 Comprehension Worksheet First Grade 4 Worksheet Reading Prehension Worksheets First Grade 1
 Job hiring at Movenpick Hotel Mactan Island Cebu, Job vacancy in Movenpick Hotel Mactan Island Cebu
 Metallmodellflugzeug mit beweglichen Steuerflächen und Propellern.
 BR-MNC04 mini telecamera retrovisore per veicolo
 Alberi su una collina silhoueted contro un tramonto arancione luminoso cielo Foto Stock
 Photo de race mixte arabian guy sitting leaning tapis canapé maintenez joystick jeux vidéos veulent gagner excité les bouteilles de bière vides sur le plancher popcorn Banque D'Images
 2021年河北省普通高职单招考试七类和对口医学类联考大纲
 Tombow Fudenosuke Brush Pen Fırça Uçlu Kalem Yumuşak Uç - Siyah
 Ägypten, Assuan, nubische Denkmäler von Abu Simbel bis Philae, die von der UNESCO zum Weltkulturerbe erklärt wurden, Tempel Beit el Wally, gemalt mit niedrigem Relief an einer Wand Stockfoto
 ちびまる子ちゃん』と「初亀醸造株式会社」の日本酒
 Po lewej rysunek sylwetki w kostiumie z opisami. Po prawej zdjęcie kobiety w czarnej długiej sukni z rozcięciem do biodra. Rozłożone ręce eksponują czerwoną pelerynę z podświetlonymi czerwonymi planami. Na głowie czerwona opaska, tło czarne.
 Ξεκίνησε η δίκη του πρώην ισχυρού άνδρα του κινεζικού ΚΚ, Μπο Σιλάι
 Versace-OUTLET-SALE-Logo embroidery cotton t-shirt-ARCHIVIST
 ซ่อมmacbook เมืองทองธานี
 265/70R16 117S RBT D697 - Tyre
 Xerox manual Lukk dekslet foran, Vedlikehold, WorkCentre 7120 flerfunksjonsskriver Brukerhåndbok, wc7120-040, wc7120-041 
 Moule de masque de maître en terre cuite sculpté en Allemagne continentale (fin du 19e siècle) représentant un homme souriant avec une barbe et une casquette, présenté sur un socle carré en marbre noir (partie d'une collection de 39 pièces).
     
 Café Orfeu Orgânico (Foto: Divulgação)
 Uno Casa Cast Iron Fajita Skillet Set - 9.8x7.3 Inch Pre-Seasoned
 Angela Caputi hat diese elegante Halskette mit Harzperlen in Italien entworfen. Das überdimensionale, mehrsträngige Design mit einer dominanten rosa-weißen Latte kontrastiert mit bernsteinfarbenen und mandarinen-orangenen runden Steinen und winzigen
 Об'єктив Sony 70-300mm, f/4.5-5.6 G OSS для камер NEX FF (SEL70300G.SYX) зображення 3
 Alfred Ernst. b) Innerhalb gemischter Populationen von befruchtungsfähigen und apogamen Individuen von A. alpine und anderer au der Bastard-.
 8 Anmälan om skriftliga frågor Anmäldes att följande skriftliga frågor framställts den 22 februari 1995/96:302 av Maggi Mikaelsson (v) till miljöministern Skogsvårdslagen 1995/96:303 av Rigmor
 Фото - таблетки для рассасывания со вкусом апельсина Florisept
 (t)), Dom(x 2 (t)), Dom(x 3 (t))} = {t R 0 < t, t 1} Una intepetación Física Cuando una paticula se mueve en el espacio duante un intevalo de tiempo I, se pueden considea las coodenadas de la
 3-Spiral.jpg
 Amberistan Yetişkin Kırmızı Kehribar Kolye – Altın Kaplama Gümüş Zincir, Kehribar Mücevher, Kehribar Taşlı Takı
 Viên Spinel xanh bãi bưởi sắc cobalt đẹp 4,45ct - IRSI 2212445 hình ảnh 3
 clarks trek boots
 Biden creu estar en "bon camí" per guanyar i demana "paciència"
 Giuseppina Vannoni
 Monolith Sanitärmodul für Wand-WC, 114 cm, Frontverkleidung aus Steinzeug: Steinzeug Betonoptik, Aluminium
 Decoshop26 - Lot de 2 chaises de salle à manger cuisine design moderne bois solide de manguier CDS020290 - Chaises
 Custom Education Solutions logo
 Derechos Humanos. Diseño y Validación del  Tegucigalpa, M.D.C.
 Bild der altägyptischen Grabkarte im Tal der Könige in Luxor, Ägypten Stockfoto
################
__What is being asked__:
Your answer should consist only of the lines from the one with "clarks trek boots" through the last line of the entries above, retyped exactly.

__Answer area__:
 clarks trek boots
 Biden creu estar en "bon camí" per guanyar i demana "paciència"
 Giuseppina Vannoni
 Monolith Sanitärmodul für Wand-WC, 114 cm, Frontverkleidung aus Steinzeug: Steinzeug Betonoptik, Aluminium
 Decoshop26 - Lot de 2 chaises de salle à manger cuisine design moderne bois solide de manguier CDS020290 - Chaises
 Custom Education Solutions logo
 Derechos Humanos. Diseño y Validación del  Tegucigalpa, M.D.C.
 Bild der altägyptischen Grabkarte im Tal der Könige in Luxor, Ägypten Stockfoto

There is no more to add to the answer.